Если кто то задерживался, пришедший первым обязательно заказывал горячий шоколад. Иногда мы встречались в кафе у выхода с вокзала Александерплац, где полки ломились от конфет в серебряной обертке. Если Лео нужно было срочно со мной увидеться, он ждал меня у газетного киоска возле дома, благодаря чему мы могли не бояться встретиться с кем то из соседей, которые хоть и были нашими квартирантами, но всегда нас сторонились.
Чтобы не ослушаться взрослых, я обошла ужасно пыльную, покрытую ковром лестницу и зашла в лифт. Он остановился на третьем этаже.
– Добрый день, фрау Хофмайстер, – сказала я, улыбаясь ее дочери Гретель, с которой раньше часто играла.
Гретель выглядела печальной, потому что совсем недавно потеряла своего красивого белого щенка. Я ей сочувствовала. Мы были ровесницами, только я повыше ростом. Гретель смотрела в пол, а фрау Хофмайстер имела наглость сказать ей:
– Давай пойдем по лестнице. Когда они наконец уедут? Они нас ставят в трудное положение…
Как будто я не могла ее слышать, как будто в лифте была только моя тень. Как будто меня не существовало. Именно этого ей и хотелось: чтобы меня не существовало.
В нашем доме жили семьи по фамилиям Дитмар, Брауэр и Шульц. Мы сдавали им квартиры. Здание принадлежало маминой семье еще до ее рождения. Так что уехать следовало им. Они были нездешними. В отличие от нас. Мы были больше немцами, чем они.

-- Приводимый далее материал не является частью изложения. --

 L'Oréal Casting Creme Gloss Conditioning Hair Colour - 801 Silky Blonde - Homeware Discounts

Дверь лифта закрылась, он поехал вниз, и я увидела ноги спускавшейся Гретель.
– Мерзкие люди, – донеслось снаружи.
Я не ослышалась? Что мы такого сделали, из за чего я должна терпеть все это? Какое преступление мы совершили? Я не была мерзкой. Я не хотела, чтобы люди так обо мне думали. Я вышла из лифта и спряталась под лестницей, чтобы снова с ними не столкнуться. Я видела, как они выходят из дома. Гретель так и не подняла голову. Она обернулась, ища меня взглядом. Возможно, хотела извиниться, но мать подтолкнула ее.
– Что ты там высматриваешь? – повысила она голос.

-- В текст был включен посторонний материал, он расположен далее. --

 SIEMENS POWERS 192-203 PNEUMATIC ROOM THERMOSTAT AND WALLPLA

Поднимая шум, я побежала вверх по лестнице вся в слезах. Да, я плакала от гнева и бессилия, потому что не смогла сказать фрау Хофмайстер, что в ней гораздо больше мерзости, чем во мне. Если мы причиняли ей неудобство, она могла выехать из дома: ведь это был наш дом. Мне хотелось биться о стену, разбить драгоценный фотоаппарат, подаренный отцом. Когда я вошла в квартиру, мама не могла понять, почему я была вне себя от ярости.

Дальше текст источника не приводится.